Yes, especially if this faction has the best possibility of winning the 
general election.


> Say (somewhat but not totally arbitrarily) that the Democratic 
> candidates for president could have been ordered from least liberal to 
> most liberal as follows:
> 
> Lieberman<Clark<Kerry<Edwards<Gephardt<Dean<Kucinich<Brown<Sharpton
> 
> Furthermore, let's assume that Kerry was the Condorcet winner, and 
> furthermore let's assume that preferences by most voters follow a 
> predictable pattern of moving away from their favorite.
> 
> If we use successive Condorcet elections to pick three nominees, then 
> the other two winners (other than Kerry) will be either Edwards and 
> Gephardt, Edwards and Clark, or Clark and Lieberman.  This leaves the 
> entire more liberal third of the Democratic electorate without any 
> representation, and it leaves the candidate with the second-strongest 
> core support (Dean) eliminated.
> 
> This shouldn't bother us in a single-winner situation, but in the case 
> of a multi-winner election it begs the question of why we are even 
> bothering with electing more than one nominee, if all we are doing is 
> getting the three most similar candidates.
> 

Destination of this thread is a single winner general election.
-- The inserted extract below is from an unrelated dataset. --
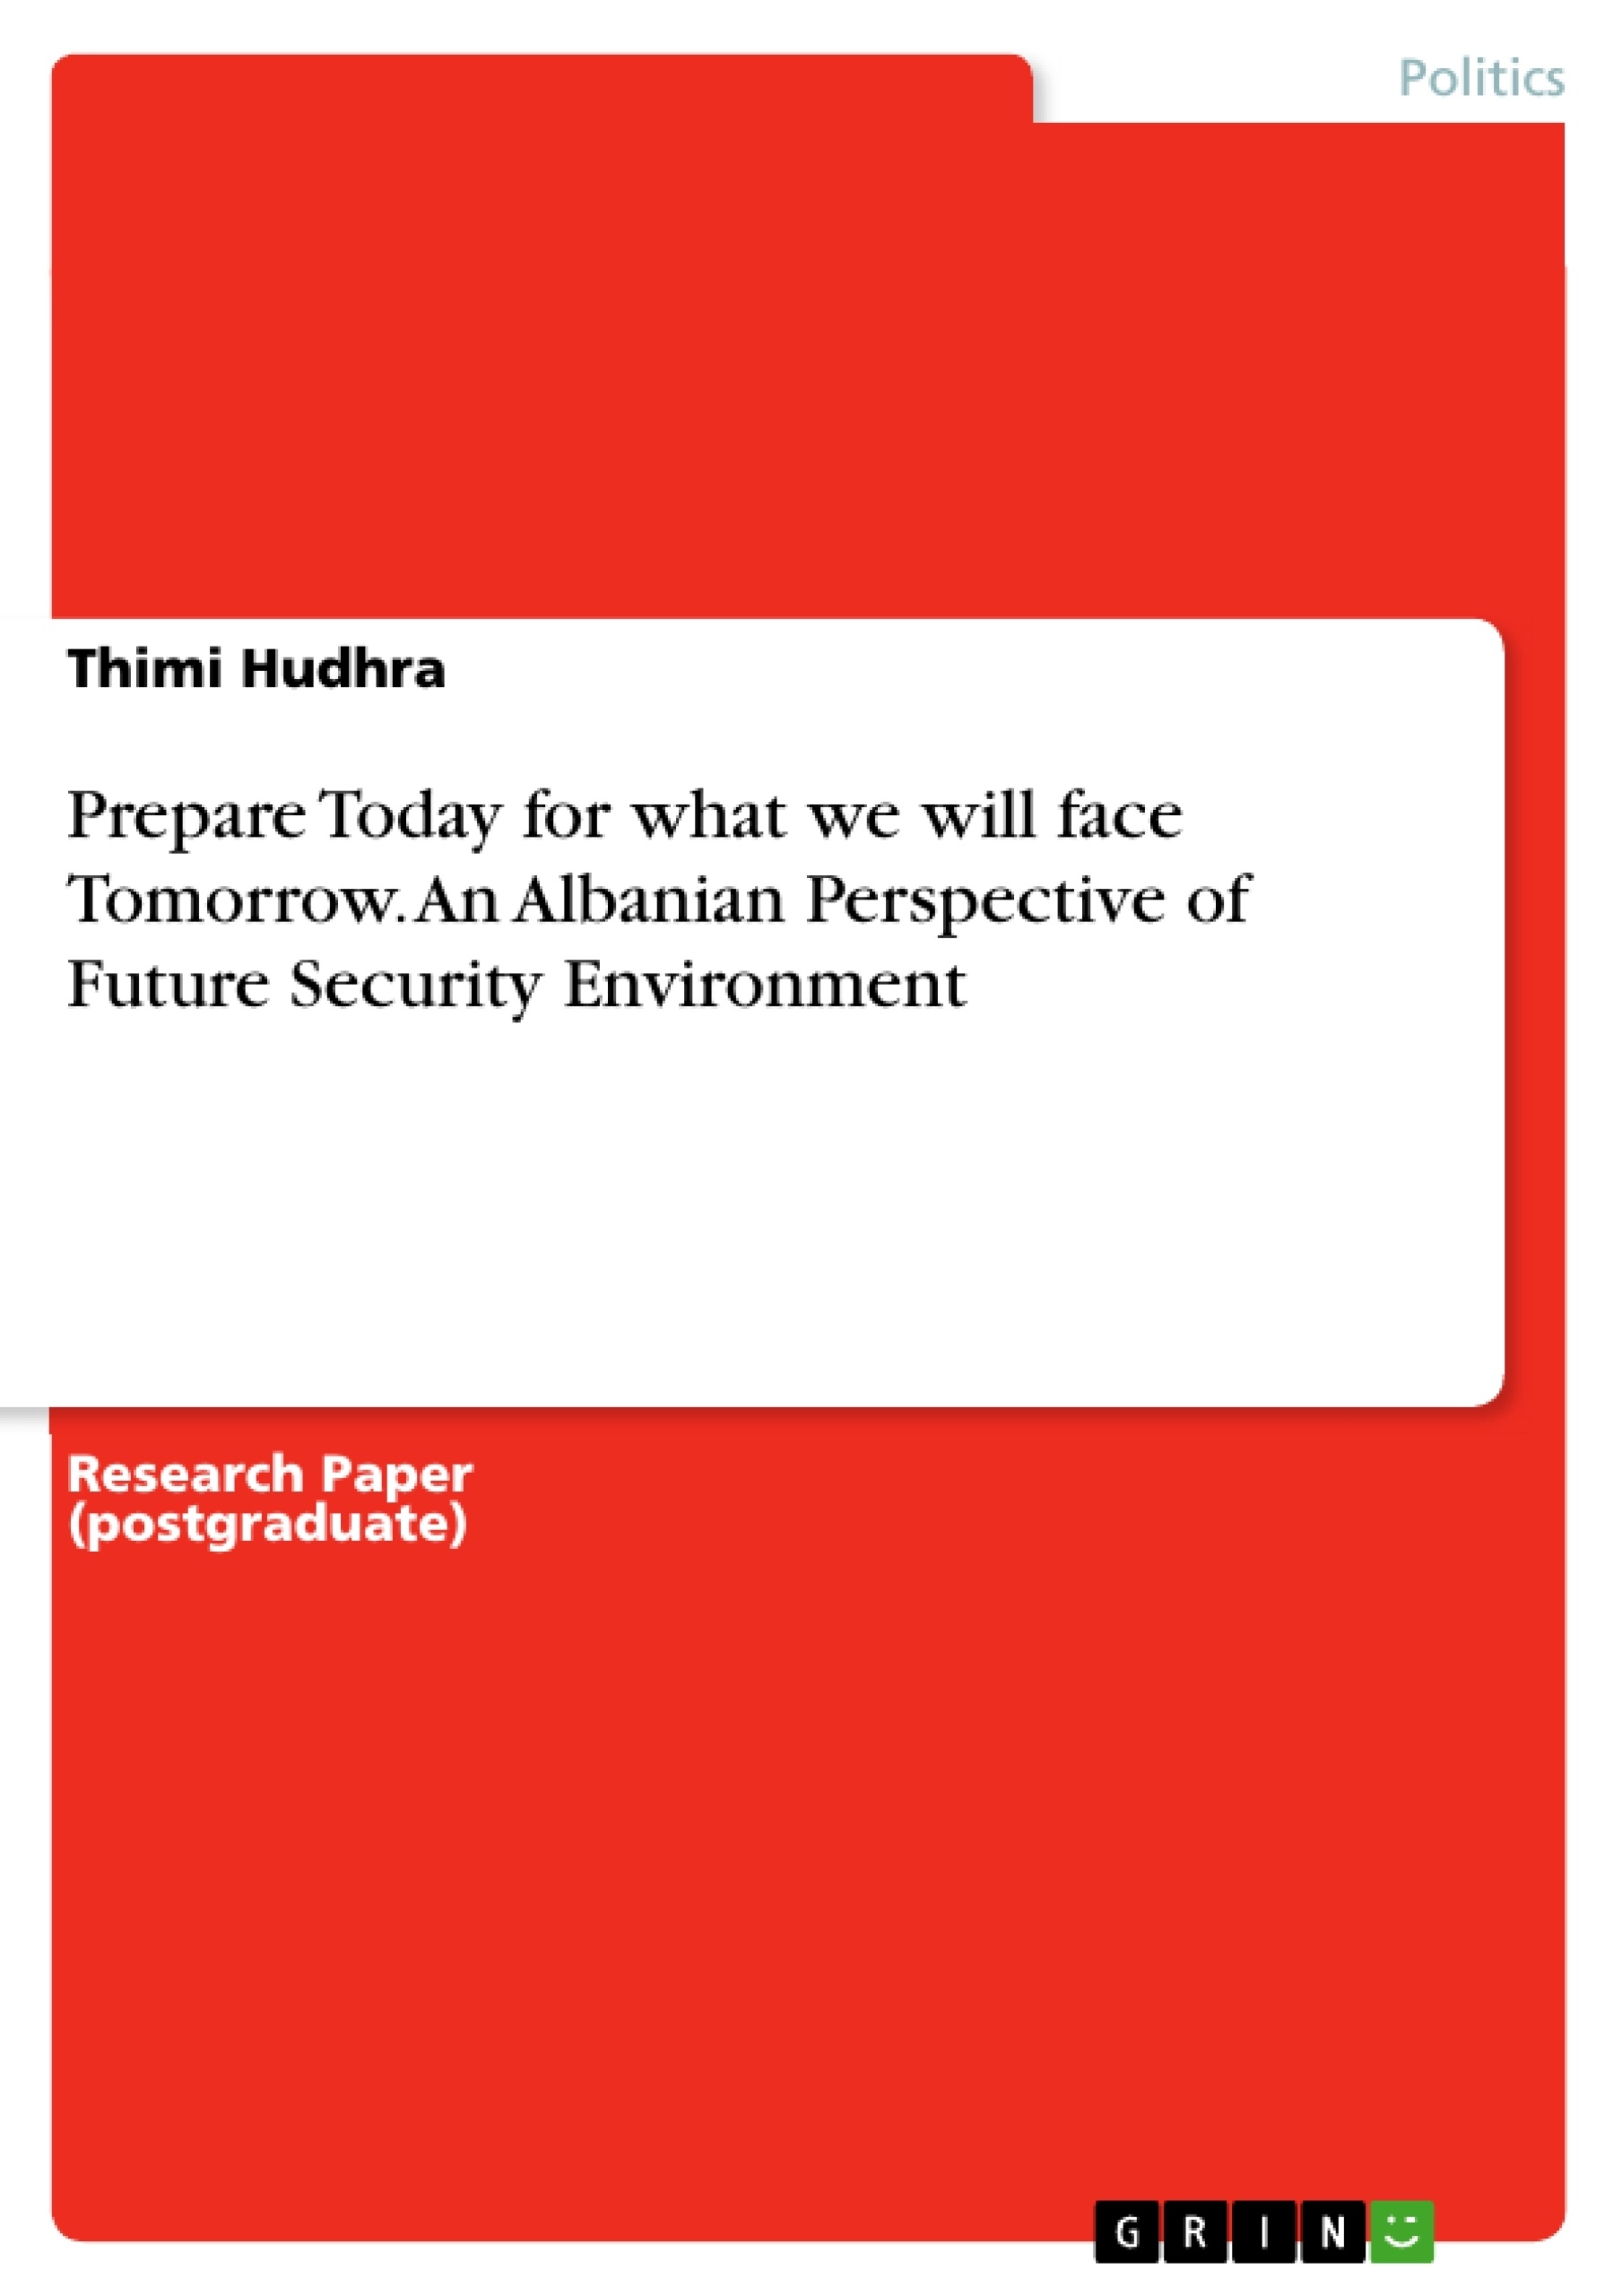 Titre: Prepare Today for what we will face Tomorrow. An Albanian Perspective of Future Security Environment

> Moreover, this could constitute really poor strategy.  If the general 
> electorate has different preferences than the primary electorate 
> (obviously very likely) then producing a slate of candidates with 
> diverse stances is more likely to produce a good result for the party, 
> in general.
> 
> Again, none of this argues that perfect PR is needed in a primary.  But 
> completely ignoring PR issues is a mistake, too.
> 
> -Adam

-- 
  davek at clarityconnect.com    people.clarityconnect.com/webpages3/davek
  Dave Ketchum   108 Halstead Ave, Owego, NY  13827-1708   607-687-5026
            Do to no one what you would not want done to you.
                  If you want peace, work for justice.